Olmert to resign as Israeli prime minister

Ehud Olmert's announcement on Wednesday night to cede leadership in September could spur a party shake-up and a shakier peace process.

July 31, 2008

Buckling under the weight of multiple corruption investigations, Israeli Prime Minister Ehud Olmert says he will resign after his Kadima Party chooses a successor in a vote set for September.

The surprise announcement, made in an televised address to the nation on Wednesday evening from his residence in Jerusalem, is likely to ratchet up the calls for early elections – and throw peace talks with the Palestinians and the Syrians off kilter for at least the next two months.

"The moment has arrived for me to make a decision," Mr. Olmert said. "The smear campaign being waged against me these days has raised a question that I cannot and will not avoid. What is more important: my private justice or the public good?"

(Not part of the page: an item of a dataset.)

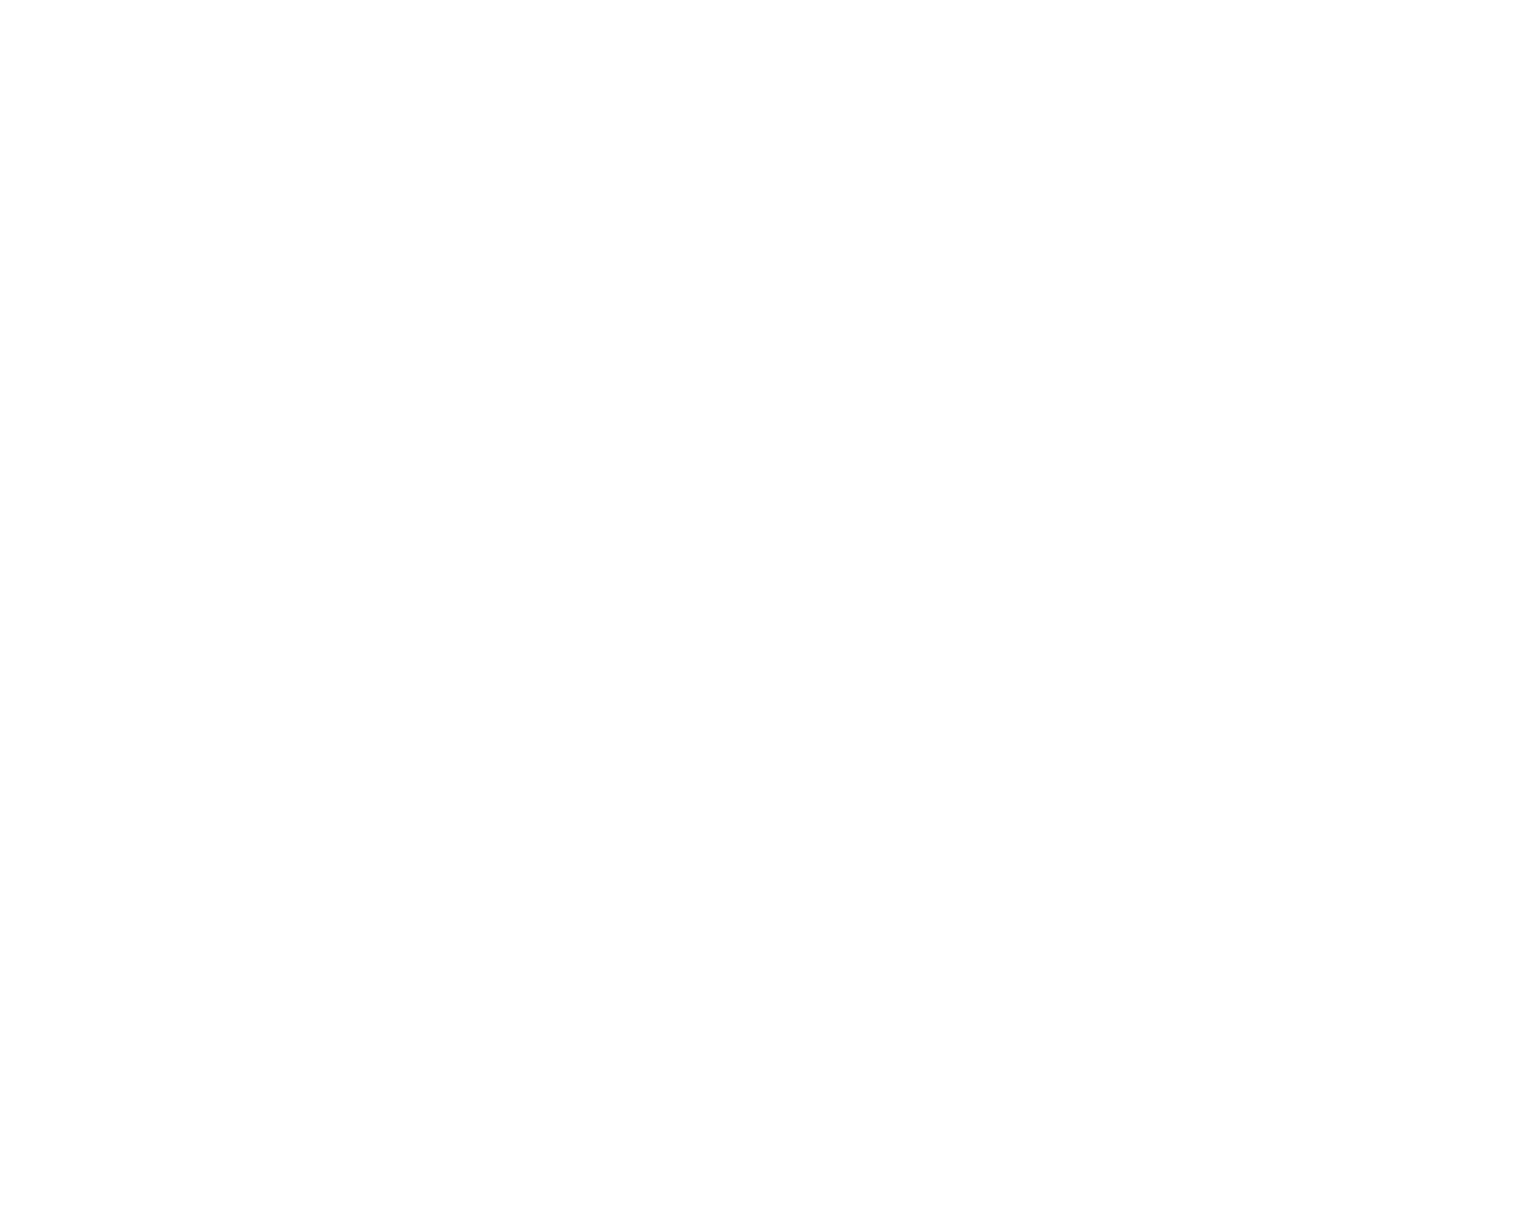 Osotspa logo pour fonds sombres (PNG transparent)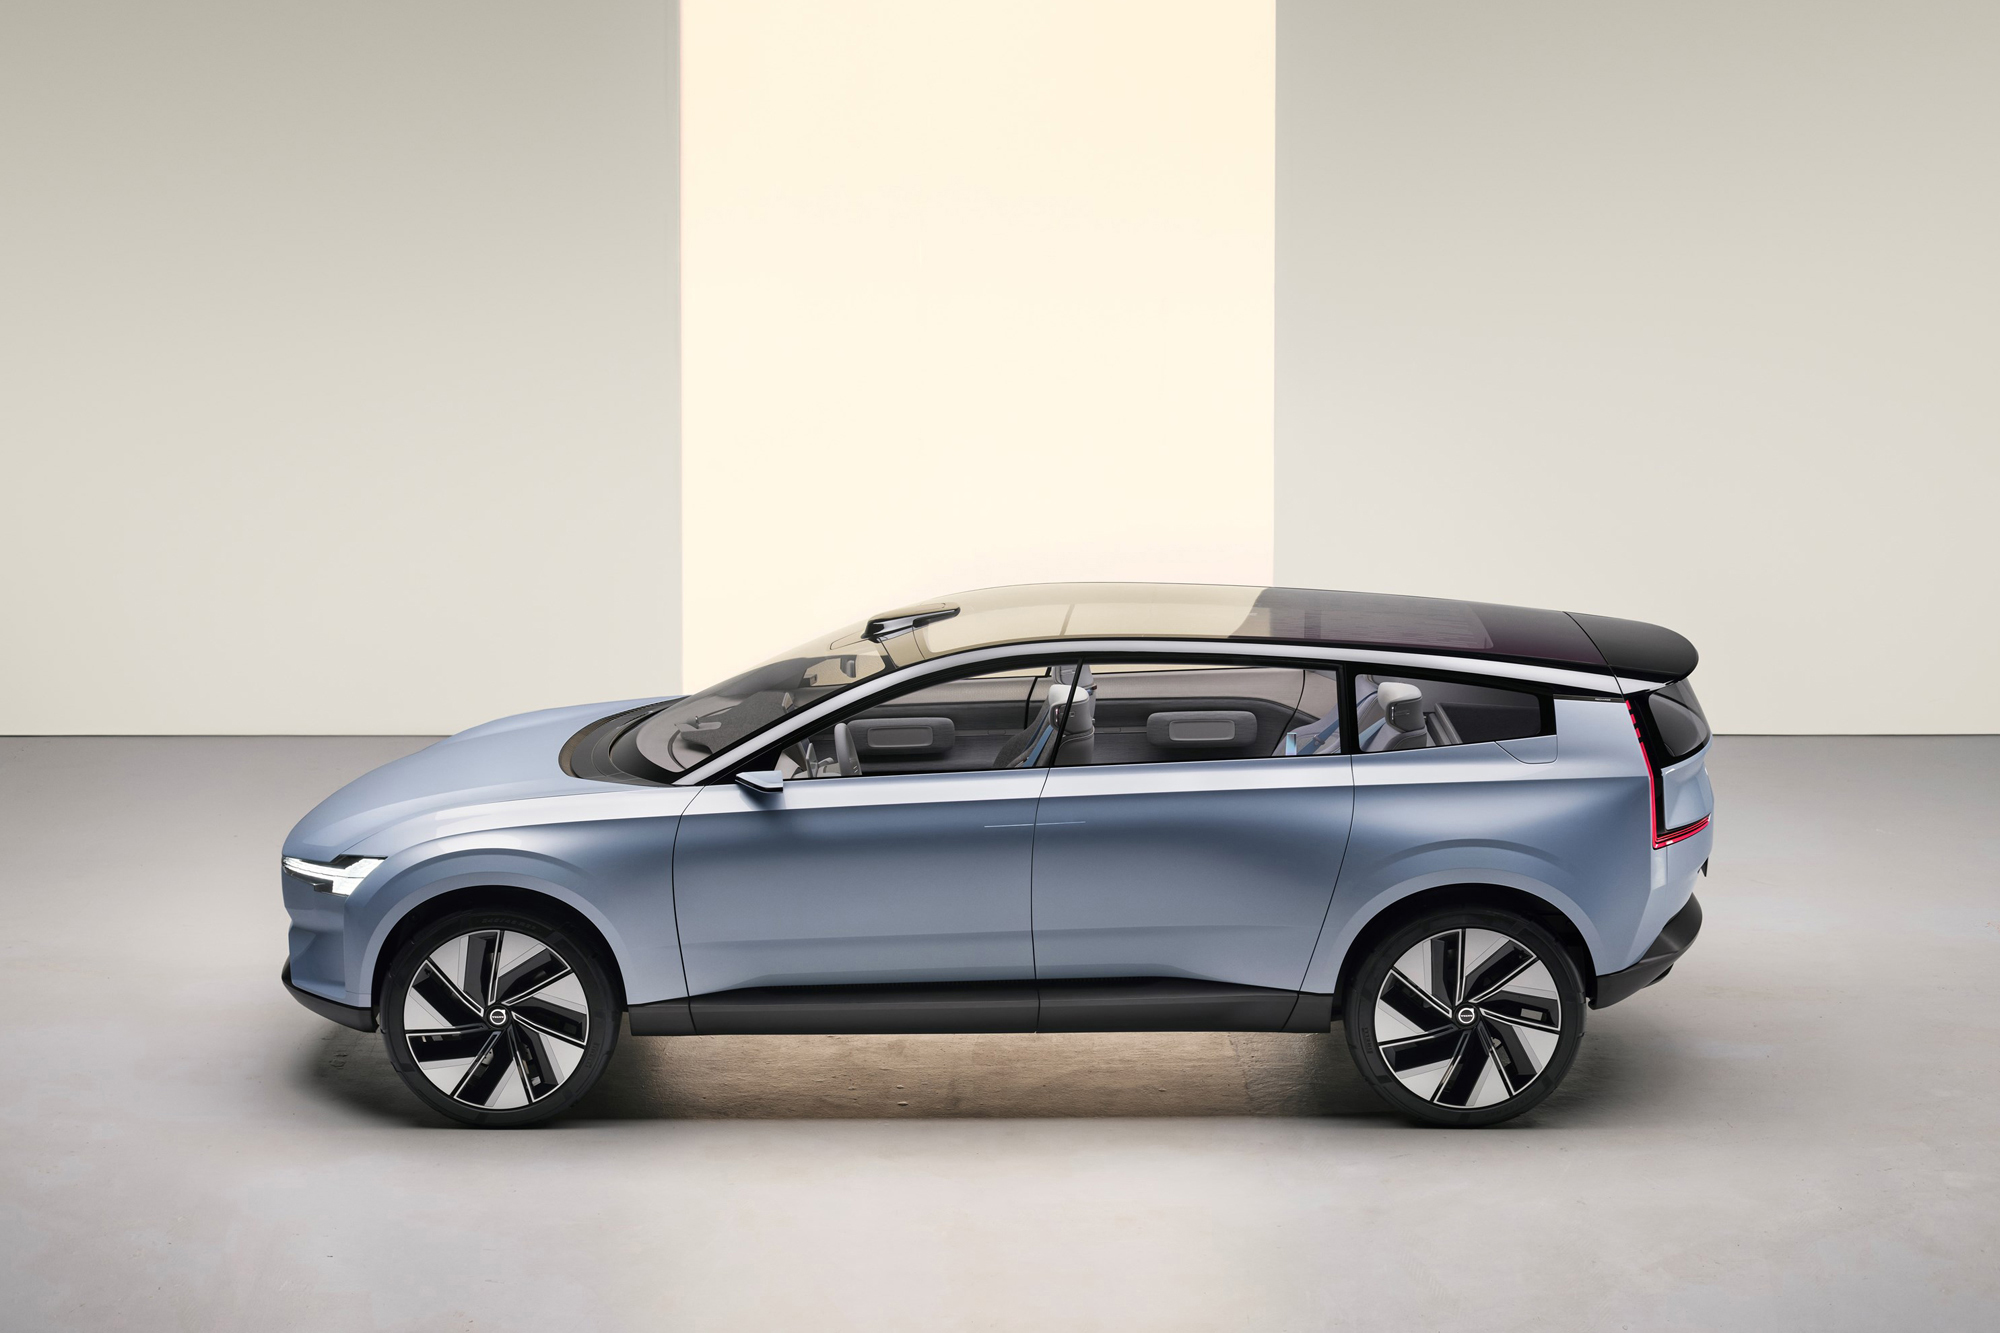 Το Concept Recharge αποτυπώνει την πορεία της Volvo Cars προς τις βιώσιμες μετακινήσεις

After about 2-1/2 years in office, the announcement shifts attention to Foreign Minister Tzippi Livni and Transportation Minister Shaul Mofaz, the two leading candidates in the Kadima Party leadership battle. Analysts say it's not clear that they'll be able hold together the ruling coalition.

The decision is in the hands of about 70,000 registered members of the centrist party, set up in 2005 by former Prime Minister Ariel Sharon. Polls which once favored Ms. Livni seem to be shifting toward Mr. Mofaz, a former army chief of staff, who some analysts say is backed by Olmert.

"It's very difficult to say. It's not clear what's going on in Kadima," says Gabriel Sheffer, a Hebrew University political science professor. "Some people say Mofaz has the advantage, and some people say it's Livni."

While Livni is considered more dovish, Mofaz is known as a security hawk.

Whoever wins will have a grace period of about a month to shore up commitments from new coalition partners. If they fail, Israeli law requires elections within 45 days. Such a scenario would favor the center-right Likud Party leader Benjamin Netanyahu, who currently enjoys a wide advantage over Livni, Mofaz, or Defense Minister Ehud Barak, the leader of the center-left Labor Party, according to a public opinion poll conduced by Israel's Channel 10 News.

Despite the resignation, Olmert has demonstrated remarkable political survival skills. And although he weathered successive waves of public outrage over his handling of the 2006 Lebanon War, he emerged considerably weakened.

In recent weeks, Olmert became the focus of a graft and bribery investigation, prompting a growing number of political allies to call for his resignation. The corruption inquiries exposed the Israeli prime minister to accusations that his positions in peace negotiations were calculated to deflect criticism from the criminal accusations – making it increasingly difficult to function.

In Washington, the State Department said Olmert's eventual departure from his post would not affect US efforts to broker some kind of peace agreement with the Palestinians by the end of the year.

"The Israelis will work out their own politics," spokesman Sean McCormack told the Associated Press. "We are going to look forward to working with all responsible Israeli leaders in the government, whether it is this government or some future government. I'm just not going to comment on their politics."

Even Arab negotiators in Syria and the Palestinian territories had remarked that Olmert's political capital had sunk so low that he was no longer a suitable partner for negotiations.

"Every day the burden of finishing work is enormous," says Gideon Doron, a Tel Aviv University political science professor. "It doesn't matter if the accusations are unfounded, he has had to fight more and more and more. It was like a tsunami. He lost his base of legitimacy."